New concerns for global Internet reliability

Image: Stockfresh

12 December 2017


Undersea, internet-carrying cables are not protected well enough and there is no alternative should they fail.

This is according to a new report from UK-based Policy Exchange, which outlines potential catastrophic effects that a simple cut in the hosepipe-sized underwater infrastructure could create.

Tsunamis, a vessel dragging an anchor, or even saw-wielding Russians could bring down the global financial system or cripple a solo nation’s internet access, Policy Exchange says in its new study (pdf).

Anchor dragging apparently is not unusual and has happened a few times over the years, most recently, an incident in Somalia earlier this year caused a three-week internet outage in the country.
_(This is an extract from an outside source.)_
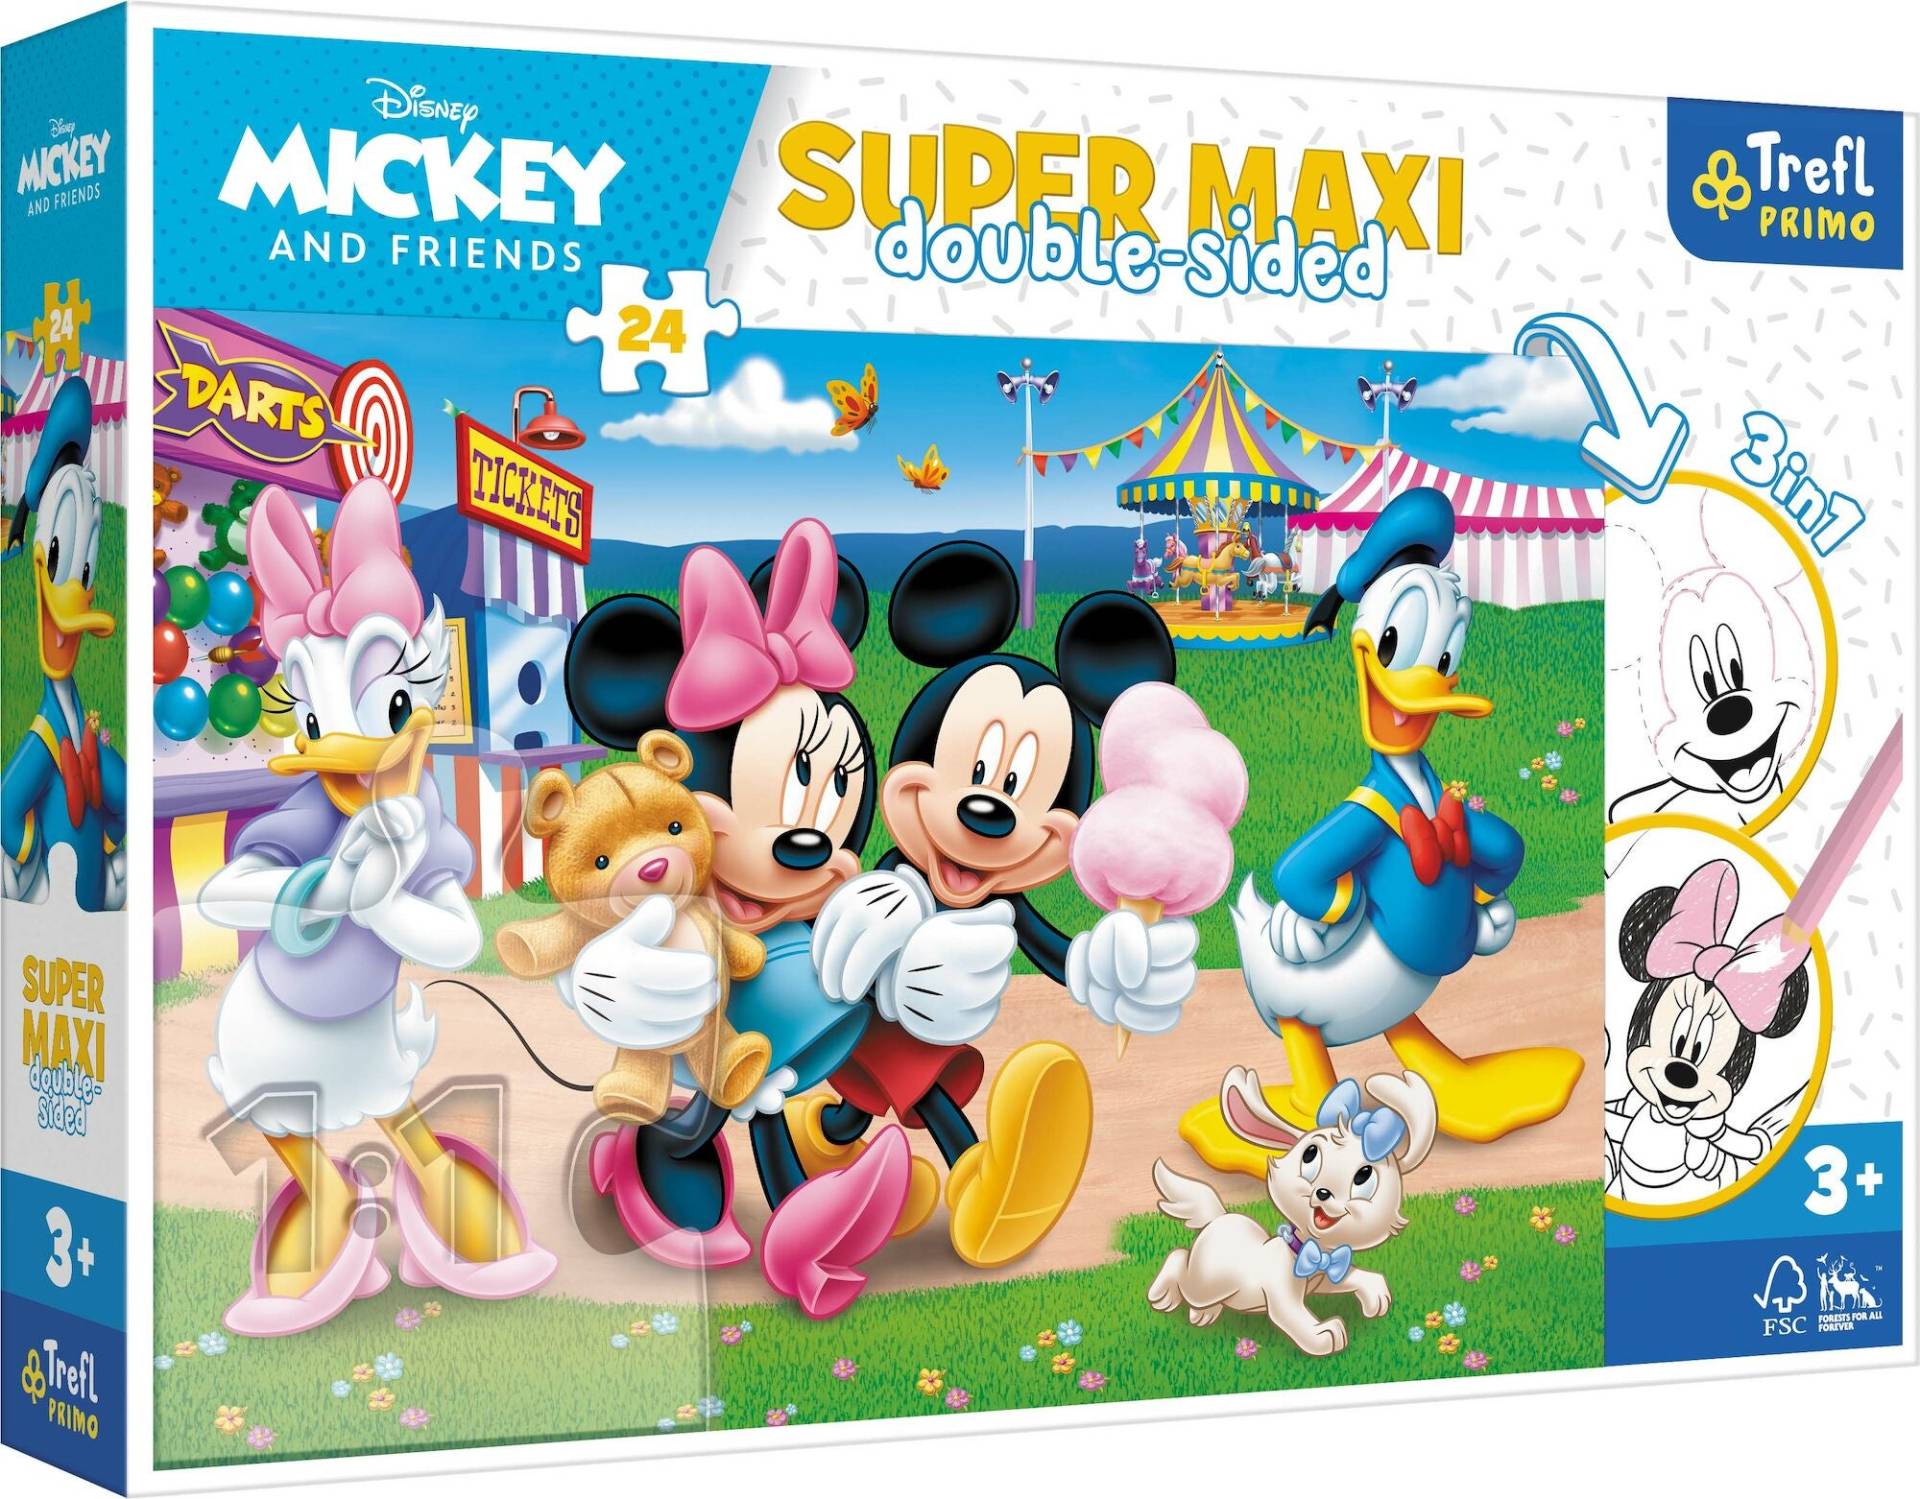 Trefl Primo Micky Maus Super Maxi Puzzle 24 Teile von Disney Mickey Mouse

Other notable cable severs have been from an earthquake in the Luzon Straight in 2006, which caused massive internet disruption and impeded communications throughout Asia.
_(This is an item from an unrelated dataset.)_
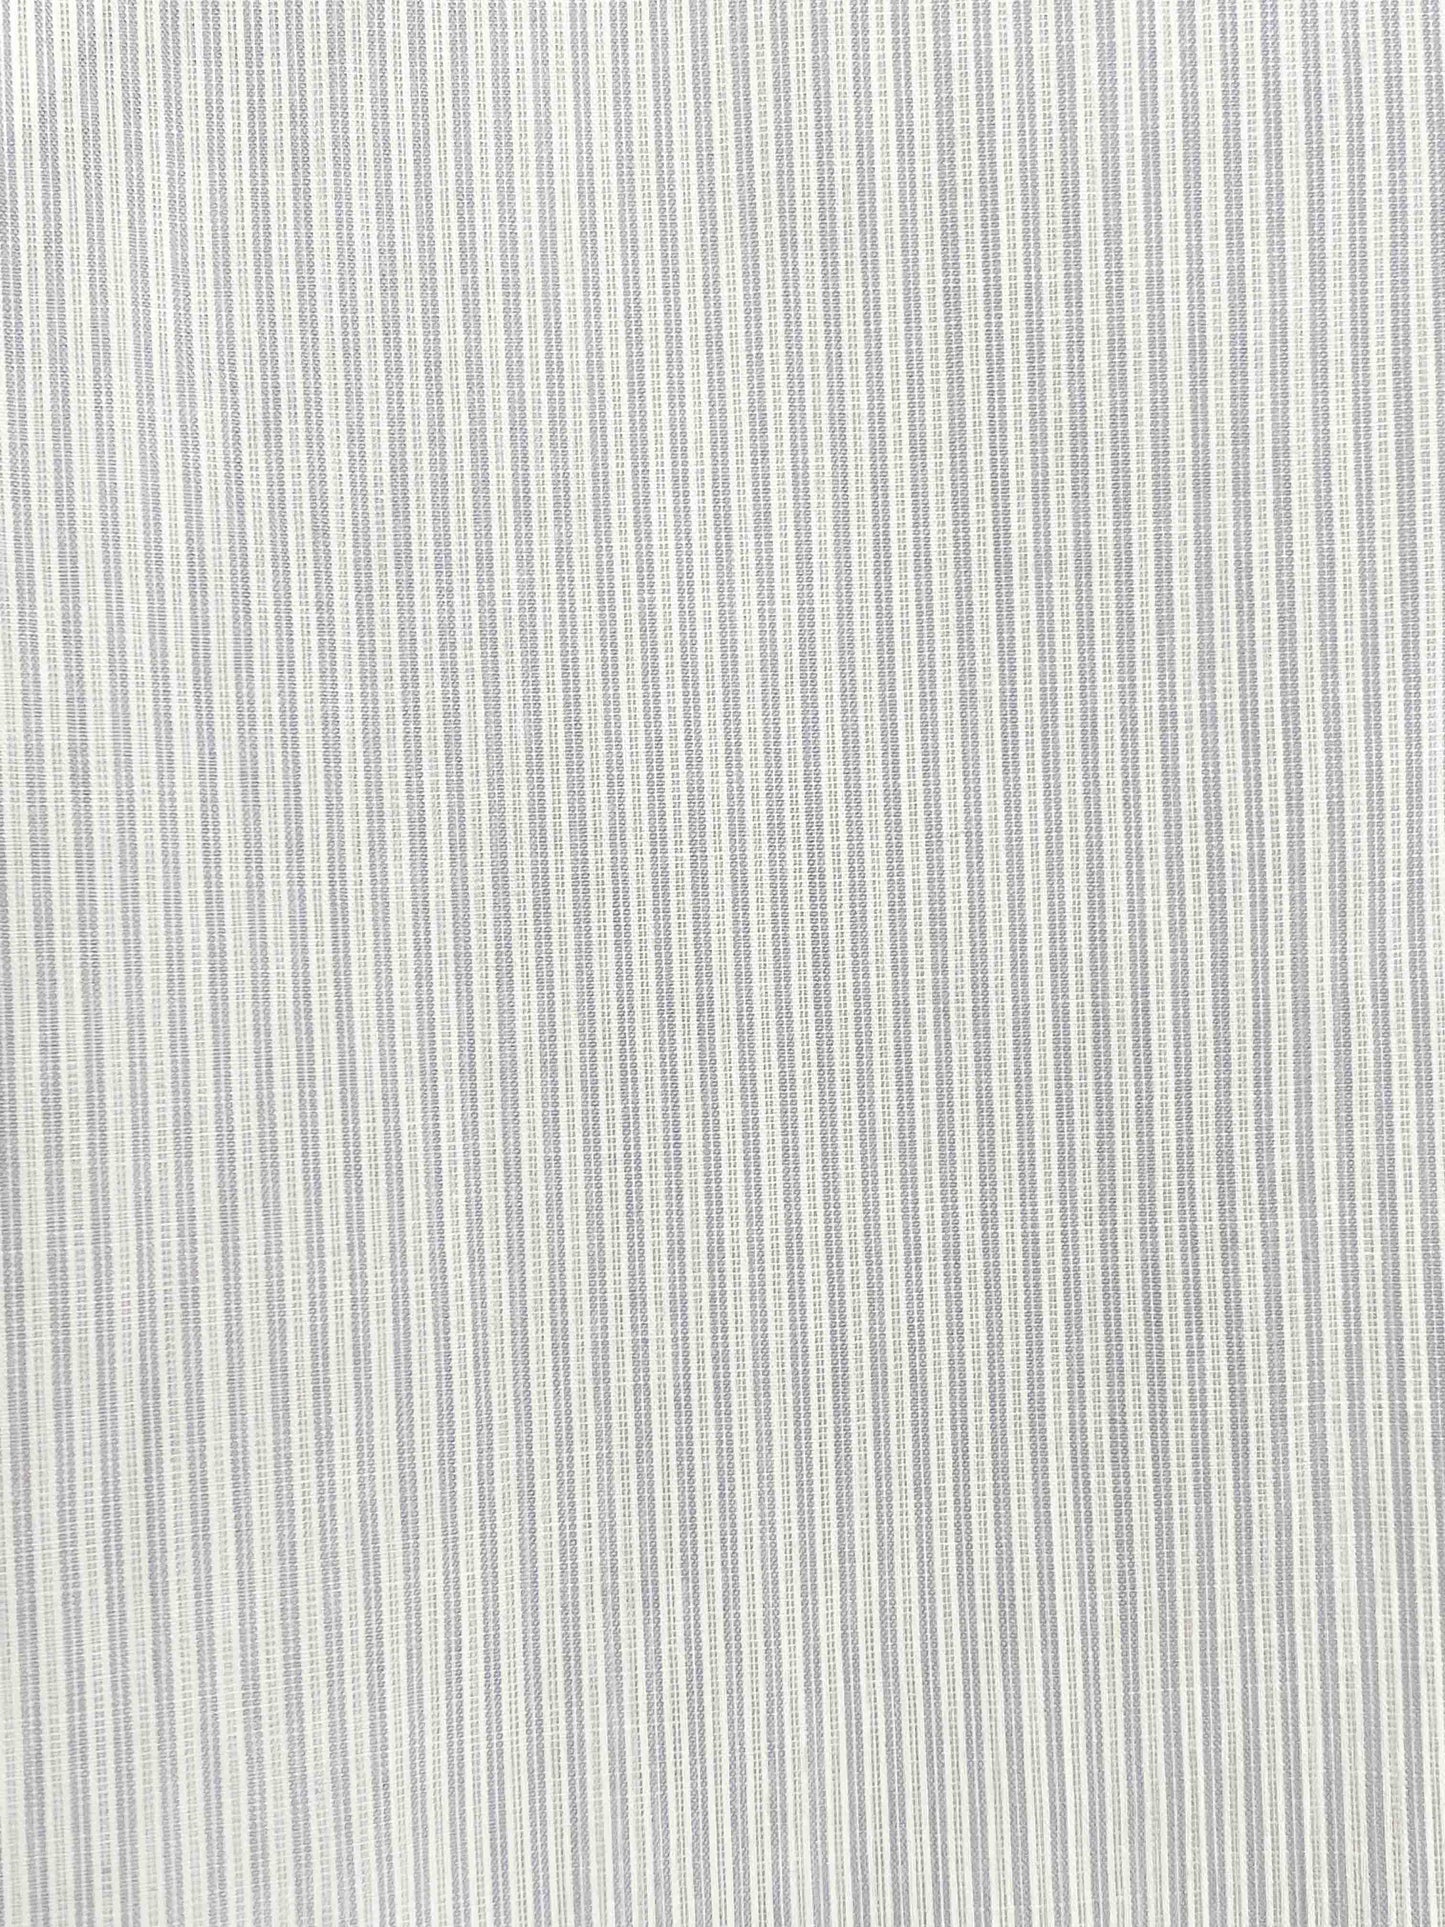 Close up of Oversized Collared Shirt - Dream Stripe fabric by Deiji Studios

Also, copper theft suspended Vietnam’s national internet connection in 2007.

Potential sabotage risk
Study author Rishi Sunak does not list any historic examples of terrorism or foreign-power driven sabotage, but he says there are numerous examples of potential risk. The locations of most undersea cables is available publicly, for one thing. Also, chokepoints exist where large numbers of cables funnel, meaning a bad actor could perpetrate a mass of lacerations. Additionally, cables have limited protection in international law—they are owned and operated by companies, not governments.

Sunak says an underwater vehicle, such as a submarine, would be needed for a saboteur to perform any dastardly deeds. But once a foreign power’s representative got down there, the task of snipping the cable is apparently relatively simple: the fibre, which lies on the ocean bed, is typically covered just with simple galvanised steel wire armouring and then a plastic coating—which is easily slashed.
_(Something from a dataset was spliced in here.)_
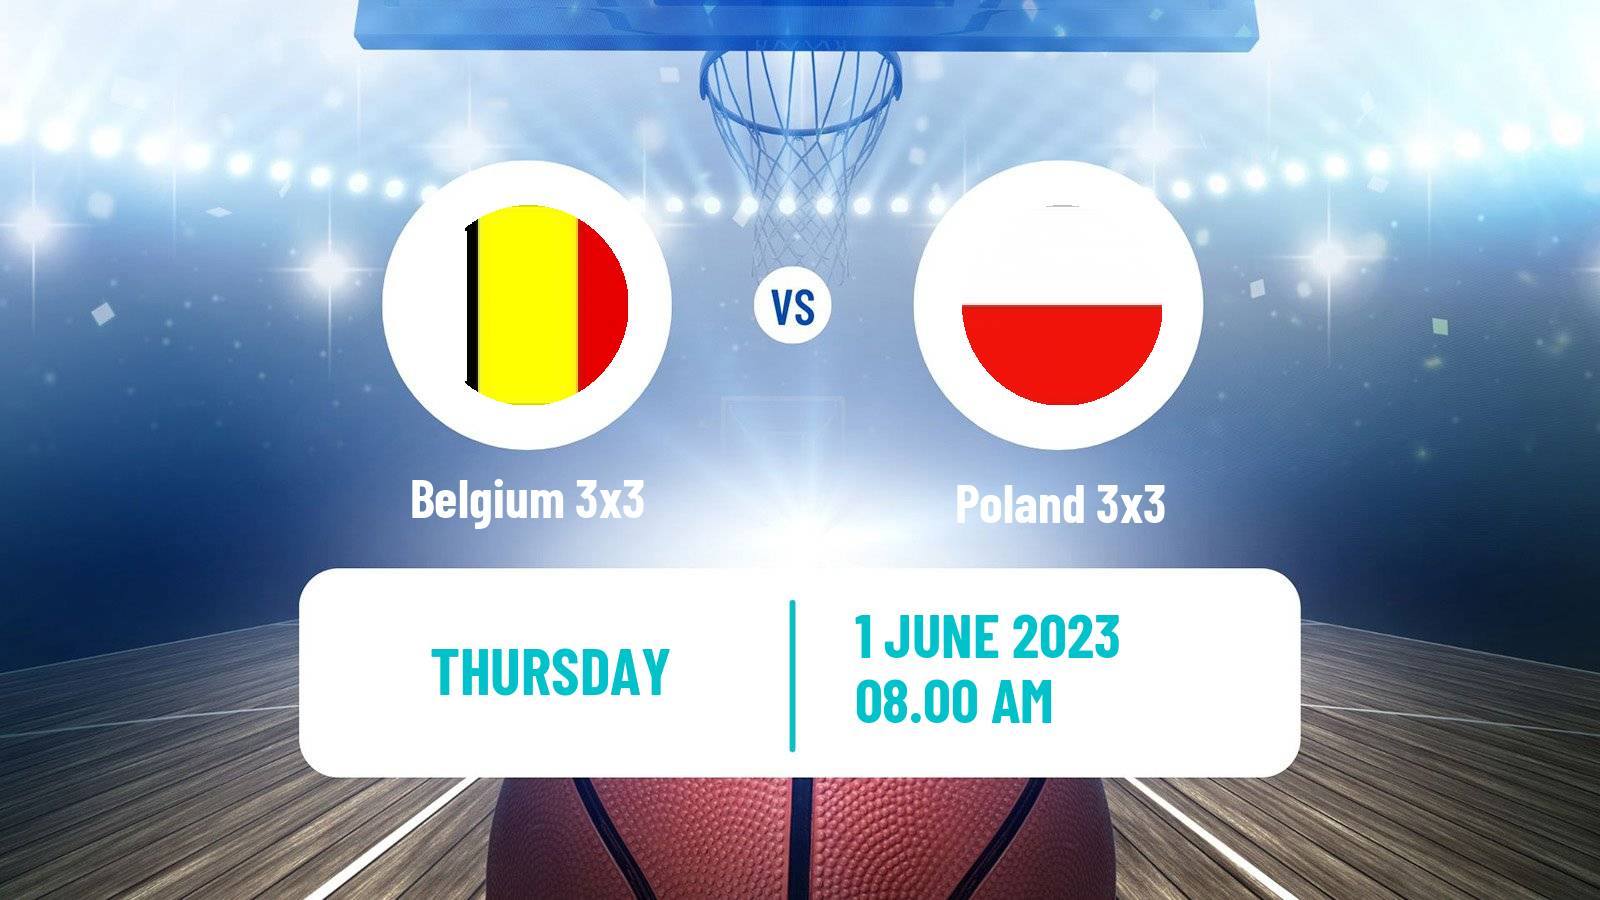 Basketball World Cup Basketball 3x3 Belgium 3x3 - Poland 3x3

Maritime law and technology
One major issue is that the Internet has become more important in recent years, yet the maritime laws have not kept pace.

“Current international law is more suited to the peripheral role cables played in the 70s and 80s rather than to the indispensable status they hold today,” Sunak says, referring to a lack of global protection treaty, among other legal problems. There is a lack of jurisdiction, too, he says. That negatively affects whether suspicious vessels can be boarded and searched by warships, as an example.

The problem is that cables currently are the only medium suitable for sending large amounts of data and bandwidth across oceans.

“When most people talk or think about the Internet or the ‘cloud,’ they imagine that data is being transferred effortlessly through the skies or satellites,” Sumak says. That’s not the case.

The reality is that 97% of worldwide communications is transmitted by the barely protected half-million miles of fibre cables lying on ocean beds.

“Satellites account for just three percent of global data transmissions,” he says. “It is not satellites in the sky, but pipes on the ocean floor that form the backbone of the world’s economy.”

They carry $10 trillion (€8.49 trillion) financial transfers per day, claims Sunak.

And “when communications networks go down, the financial services sector does not grind to a halt; it snaps to a halt,” Sunak quotes Federal Reserve chief of staff Steve Malphrus as saying.

Ireland relies on undersea cables, with no less than 16 major interconnects between North America, Britain and the continent. However, the capacity and low latency of these connections has facilitated Ireland becoming the data centre capital of Europe.